** RECORDS FOR THE TASK follows **

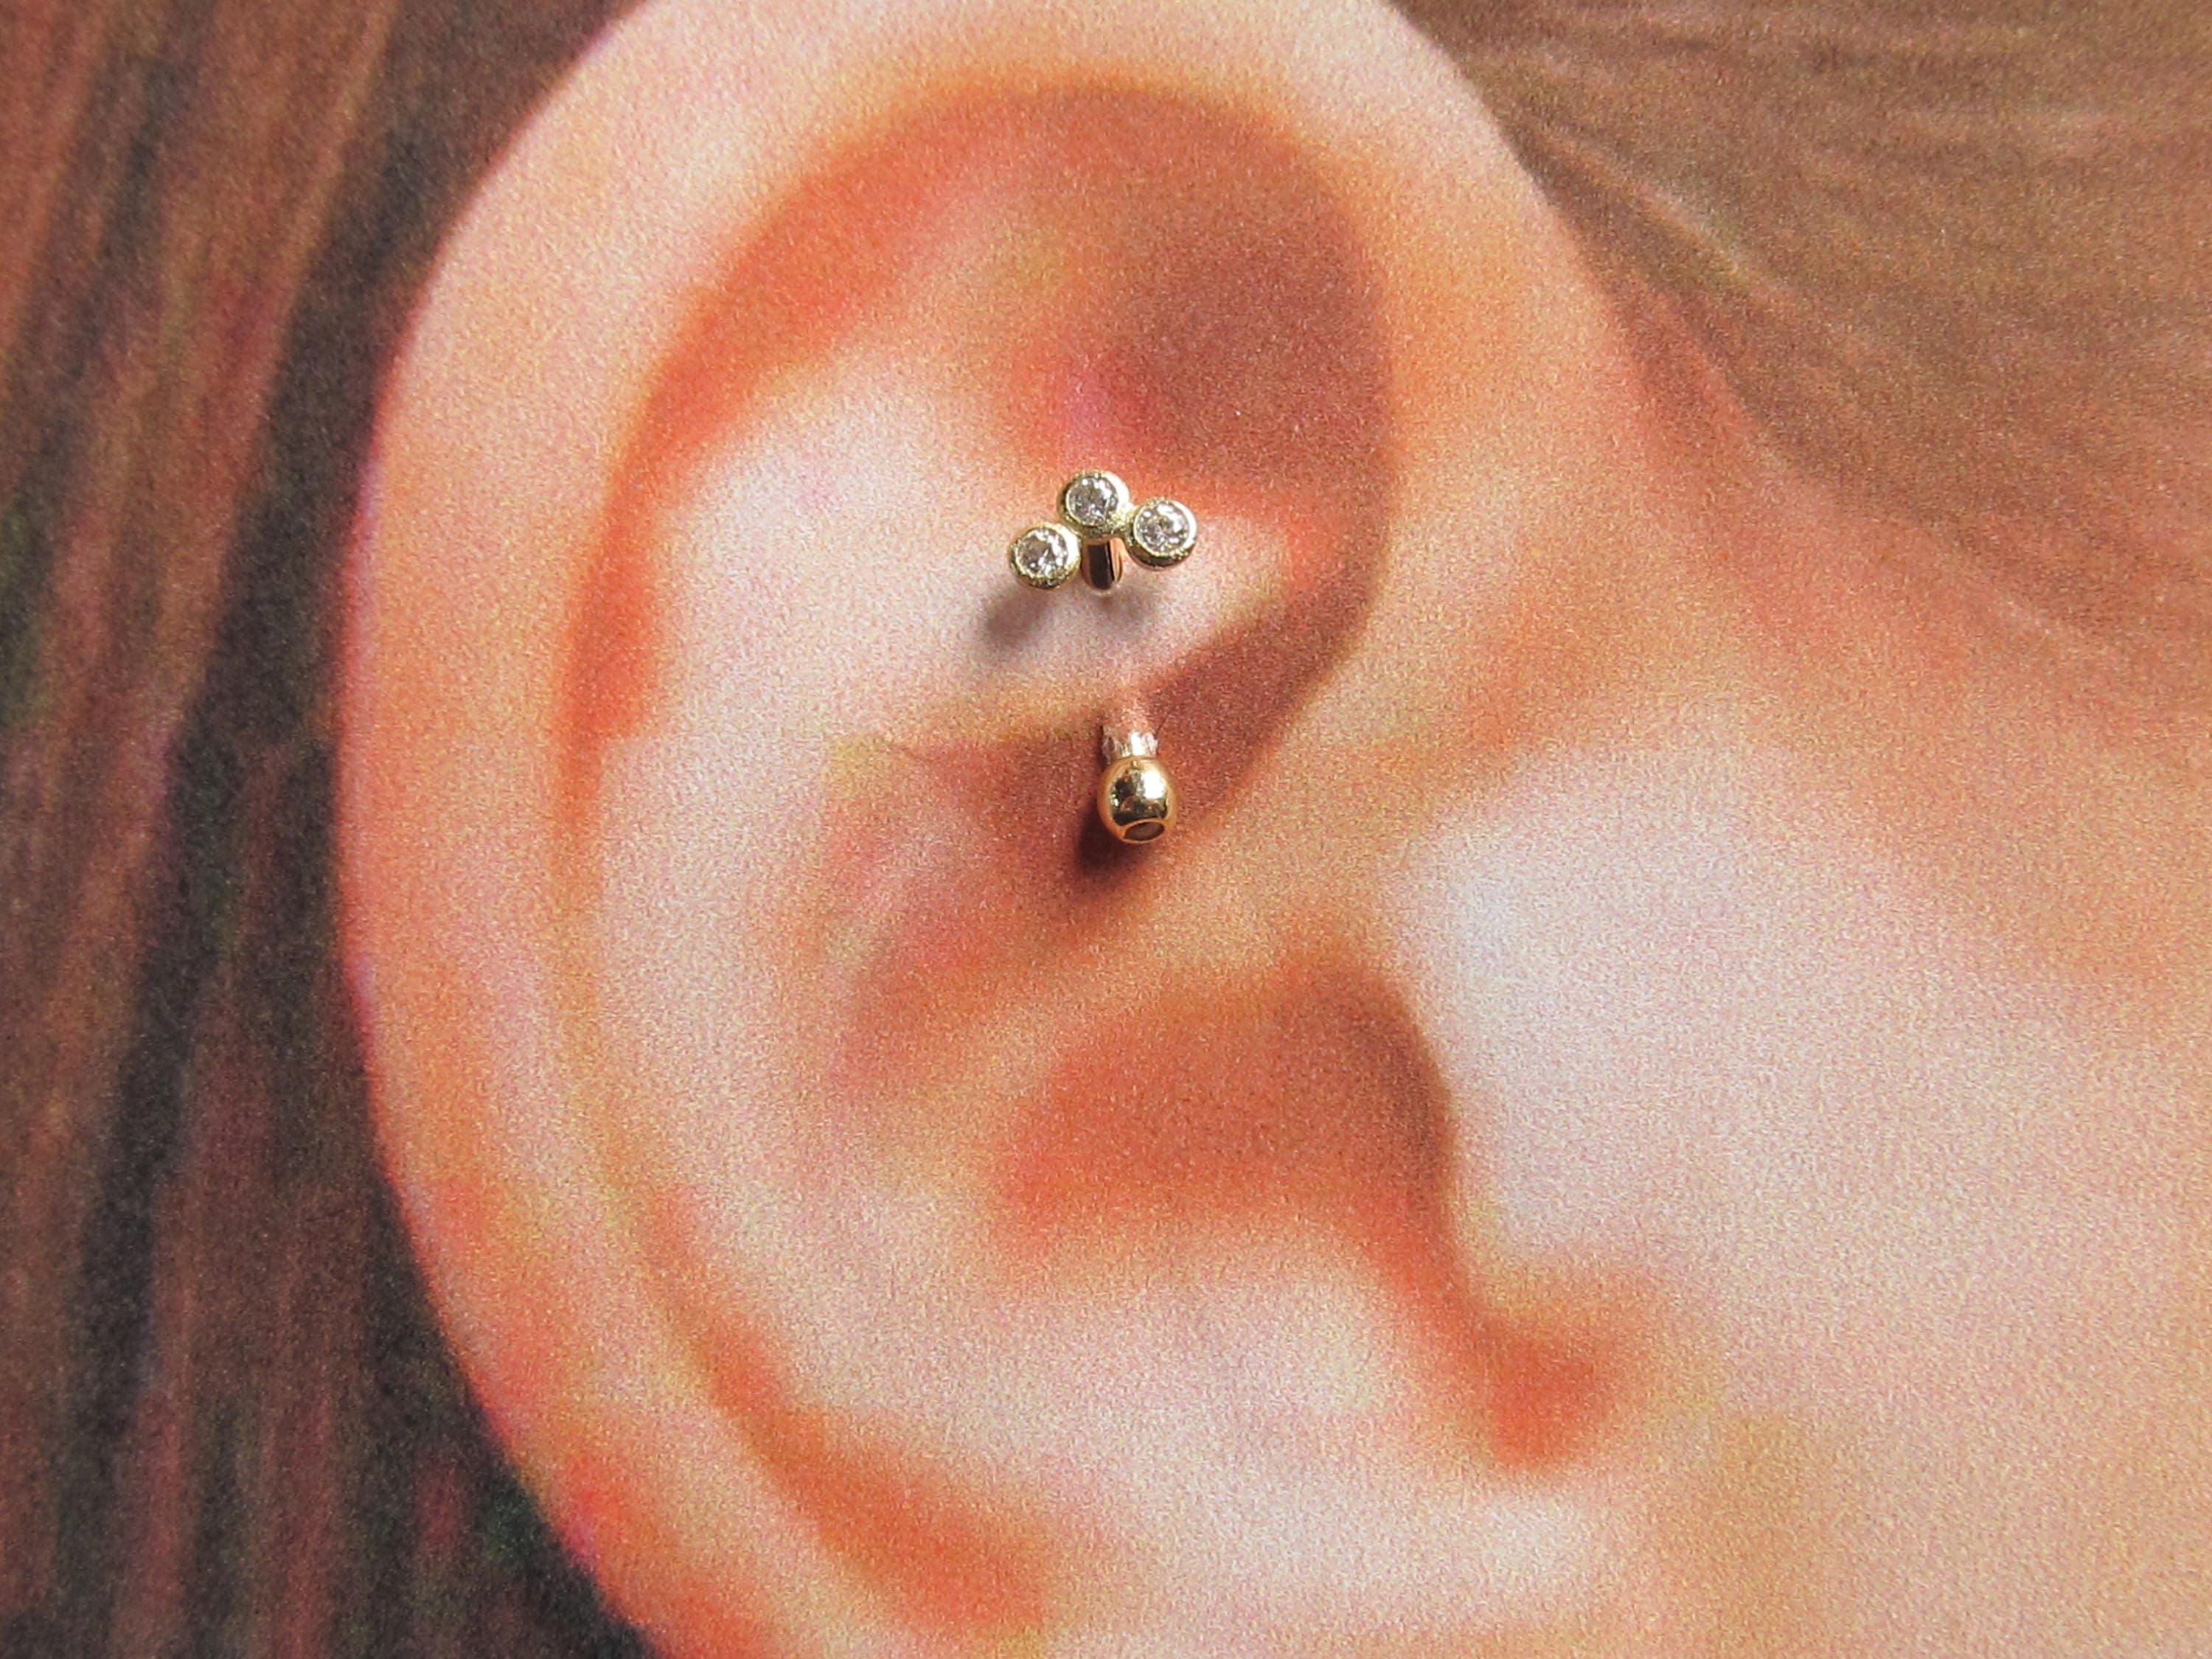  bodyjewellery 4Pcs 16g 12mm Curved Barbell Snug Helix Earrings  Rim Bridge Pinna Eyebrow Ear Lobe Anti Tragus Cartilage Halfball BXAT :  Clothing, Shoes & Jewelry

** End of RECORDS FOR THE TASK **
** RECORDS FOR THE TASK follows **

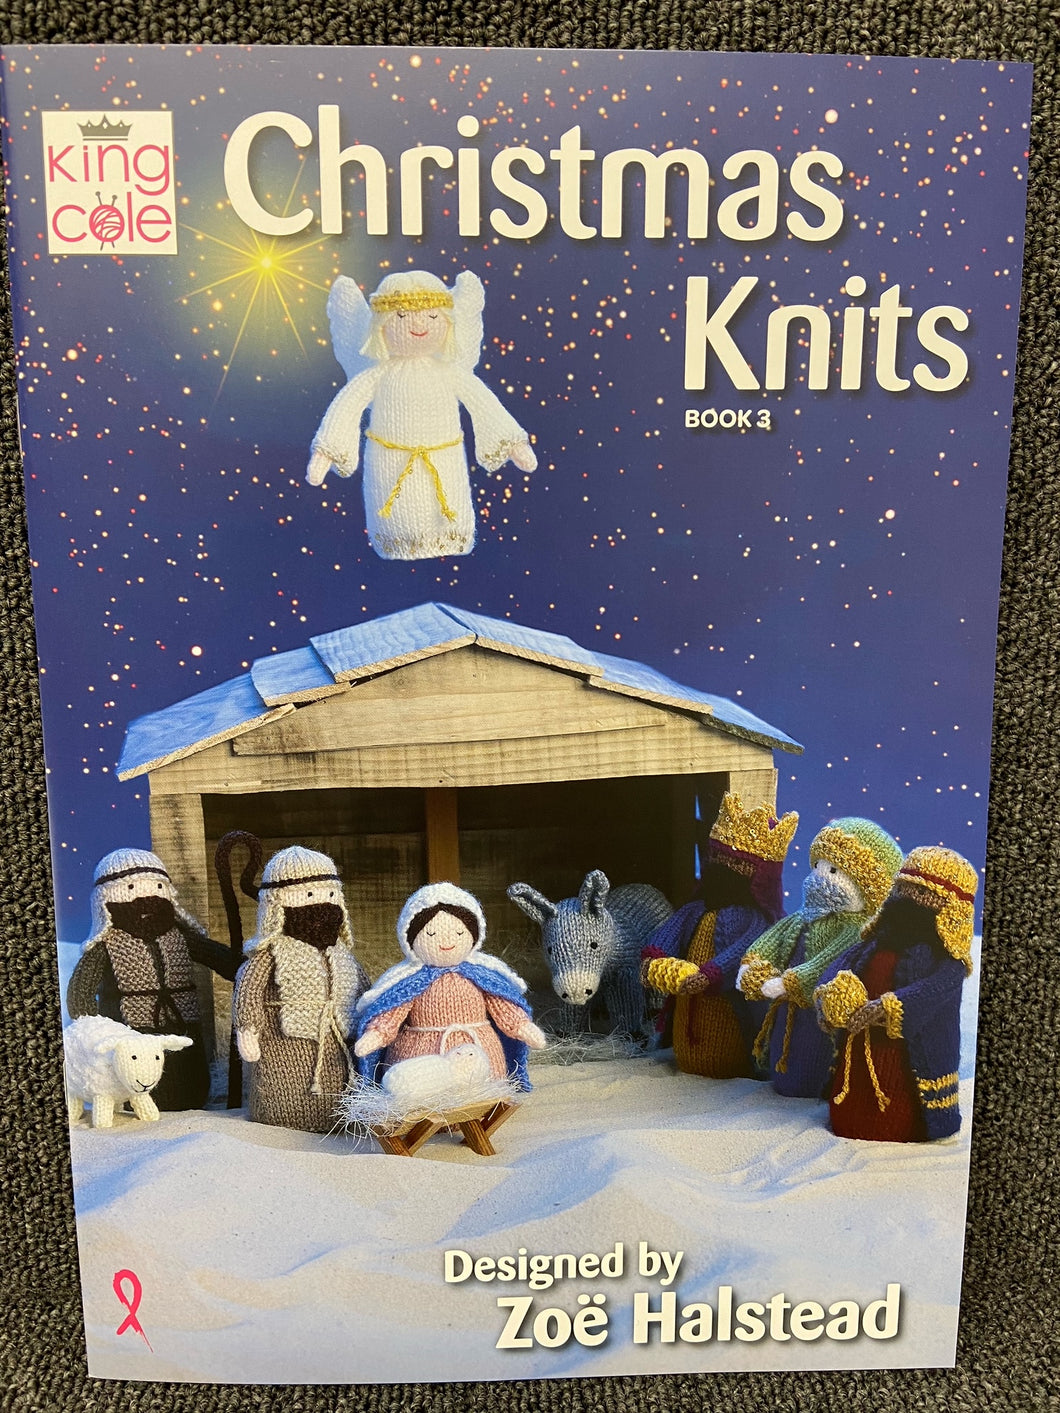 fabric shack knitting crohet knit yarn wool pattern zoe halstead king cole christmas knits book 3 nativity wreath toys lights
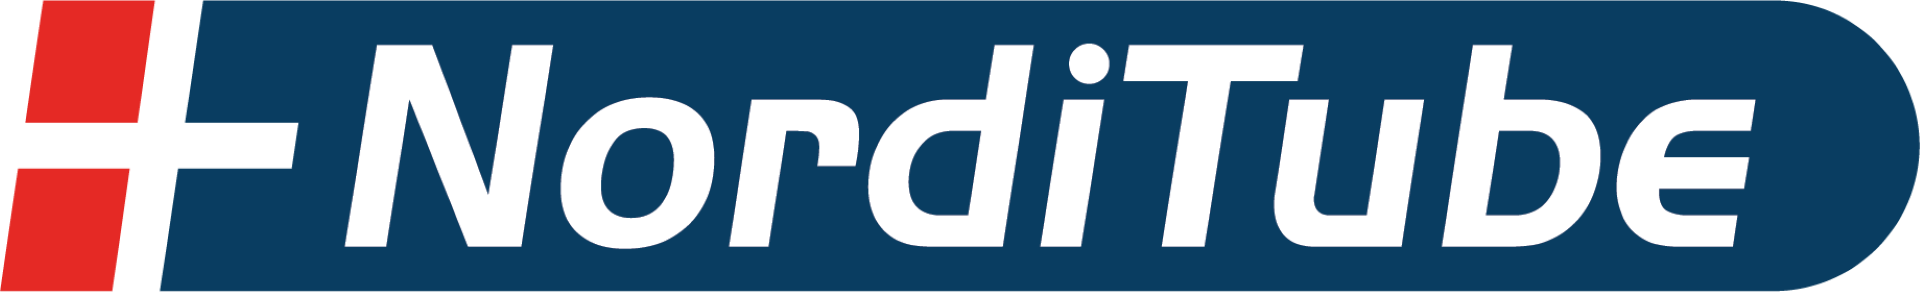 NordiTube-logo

** End of RECORDS FOR THE TASK **

### EXERCISE INSTRUCTIONS
When you reach the line with "fabric shack knitting" in the records above, begin repeating the lines exactly, and stop after the line with "NordiTube-logo". Skip all pictures.

### PROBLEM SOLUTION
 fabric shack knitting crohet knit yarn wool pattern zoe halstead king cole christmas knits book 3 nativity wreath toys lights
 NordiTube-logo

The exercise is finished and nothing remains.